Ana SayfaCezaevleriAçlık grevleri 131. gününde: Yetkililere ‘sessizliğinizi bozun’ çağrısı

Açlık grevleri 131. gününde: Yetkililere ‘sessizliğinizi bozun’ çağrısı

HABER MERKEZİ – “Tecridin ve baskıların sonlandırılması” talebiyle cezaevlerinde başlatılan süresiz-dönüşümlü açlık grevi eylemi 131. gününde devam ediyor. Cezaevlerinde ağır bit tecrit yaşandığını kaydeden İHD İzmir Şubesi Hapishane Komisyonu Üyesi Ahmet Çiçek, “Muhatap Adalet Bakanlığı ve İçişleri Bakanı’dır. Bizim çağrılarımız bu işin muhataplarının sessizliğinin bozmasıdır” dedi.

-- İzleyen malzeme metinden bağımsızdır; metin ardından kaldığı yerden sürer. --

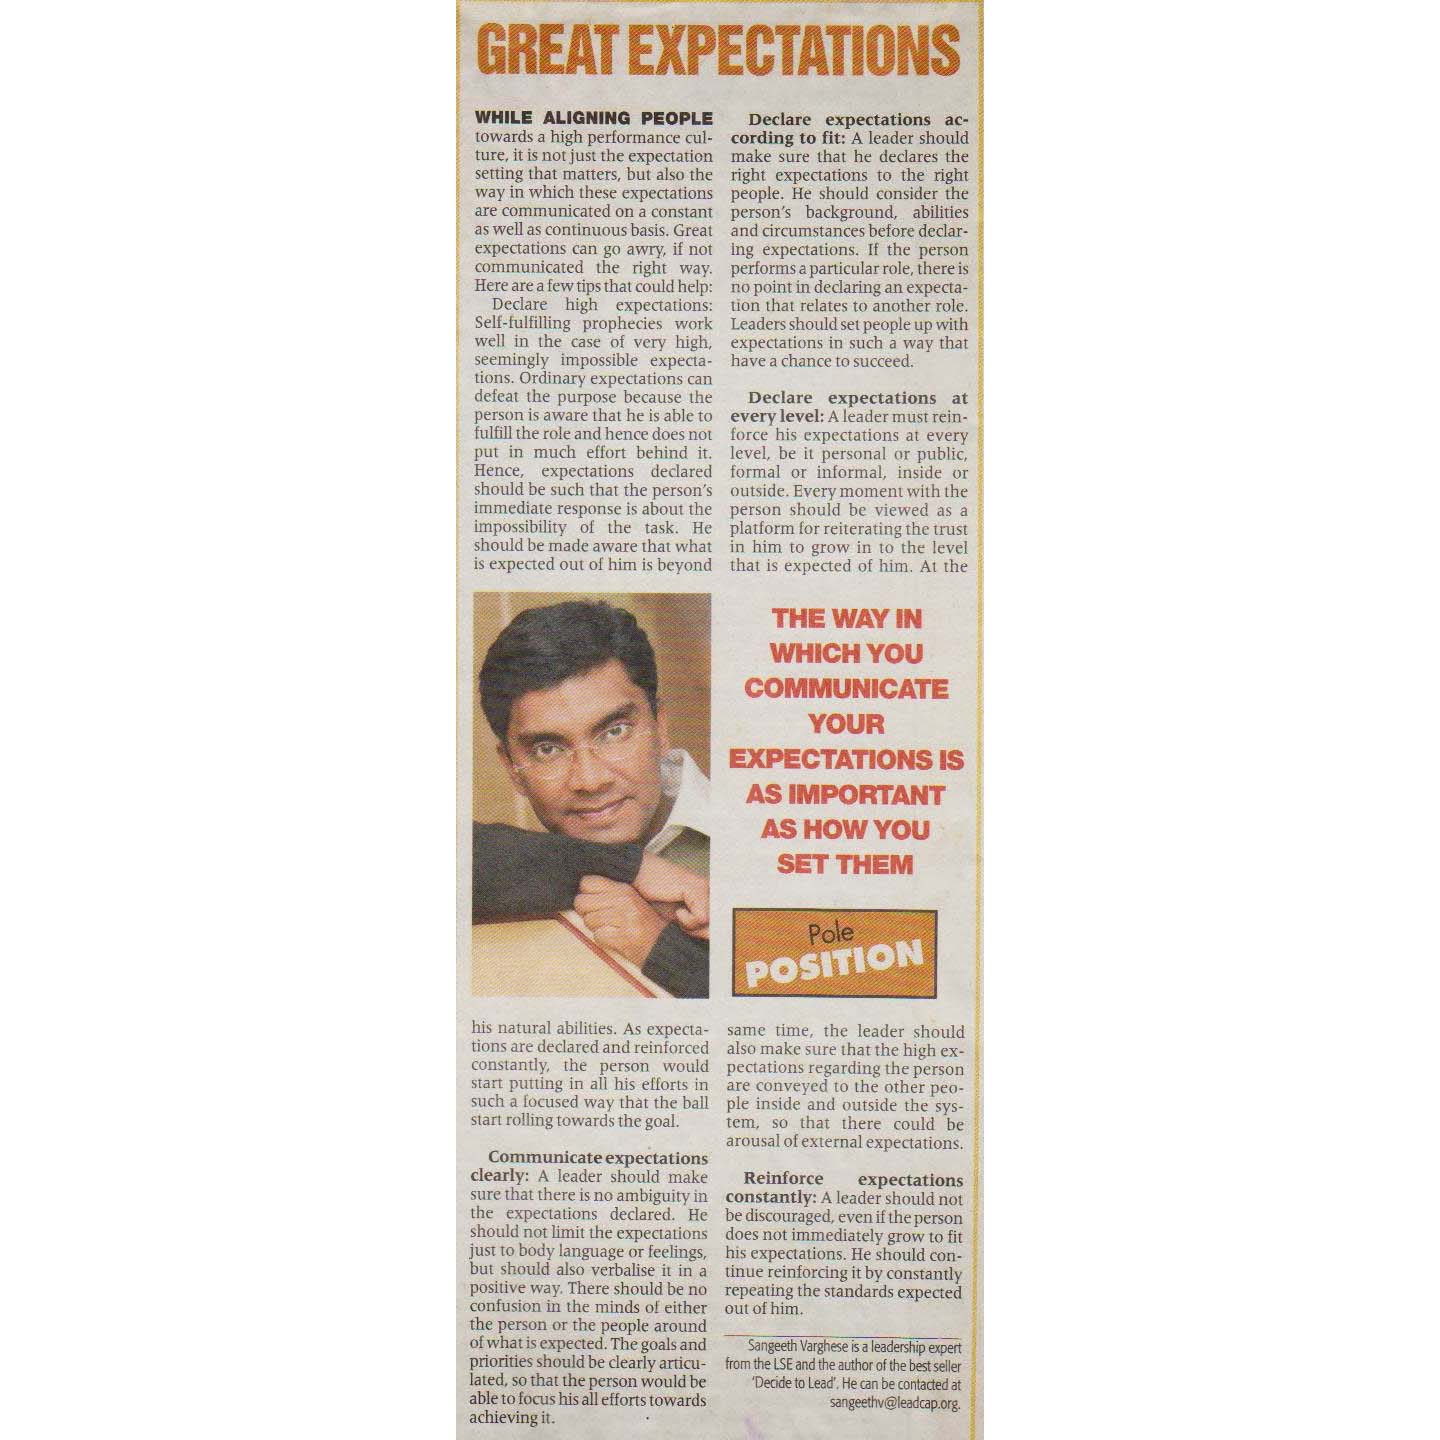 The Economic Times 17 October 2008

Cezaevlerindeki siyasi tutukluların, “PKK lideri Abdullah Öcalan üzerinde süreklileşen tecridin sonlandırılması” talebiyle, kendilerine yönelik salgın sürecinde artan hak ihlallerini de protesto amacıyla başlattığı süresiz-dönüşümlü açlık grevi sürüyor.

Gruplar halinde beşer gün boyunca sürdürülen eylem 131’inci gününde.

Eylemin başladığı 27 Kasım 2020’den bu yana 100’den fazla cezaevine yayılan açlık grevinde binlerce tutuklunun yer aldığı belirtiliyor.

Cezaevlerindeki eyleme destek amacıyla Irak Kürdistan Bölgesi’ndeki Mahmur ile Yunanistan’daki Lavrio mülteci kamplarında kalanlar da açlık grevinde.

‘Tutuklular bize ulaşamıyor’

Açlık grevlerine dikkat çeken İnsan Hakları Derneği (İHD) İzmir Şubesi Hapishane Komisyonu Üyesi Ahmet Çiçek, açık hava hapishanesine dönüşen ülke gerçeğinin cezaevlerine hak ihlalleri olarak yansıdığını söyledi.

Mezopotamya Ajansı’ndan Naci Kaya’ya konuşan Çiçek, cezaevlerinin bir toplumun aynası olduğunu ancak gelinen aşamada ağır bir tecridin yaşandığını dile getirdi.

Çiçek, pandemi sürecinde cezaevlerinde yaşanan birçok hak ihlalinden yalnızca bir kısmına ulaşabildiklerini belirterek şunları söyledi:

Hak ihlallerini sivil toplum kuruluşları olarak göremediğimiz için cezaevleri aynanın arkası haline gelmiş diyorum. Aldığımız başvuruların çoğunluğu aileler tarafından yapılıyor. Tutuklular bize ulaşamıyor. Yaşanan hak ihlallerine karşı gerekli kurumlarla yazışmalar yapıyoruz. Yaptığımız yazışmalarda kopyala yapıştır usulüyle cevaplar alıyoruz.

‘Tecrit soyutlamadır’

Tutukluların dilekçe, mektup, telefon, tedavi haklarının engellendiğini ve tecrit içinde tecrit halinin de devam ettiğini belirten Çiçek, “Tecrit, soyutlamaktır. Soyutlamak insan haklarının temelden karşı olduğu bir sistem” dedi.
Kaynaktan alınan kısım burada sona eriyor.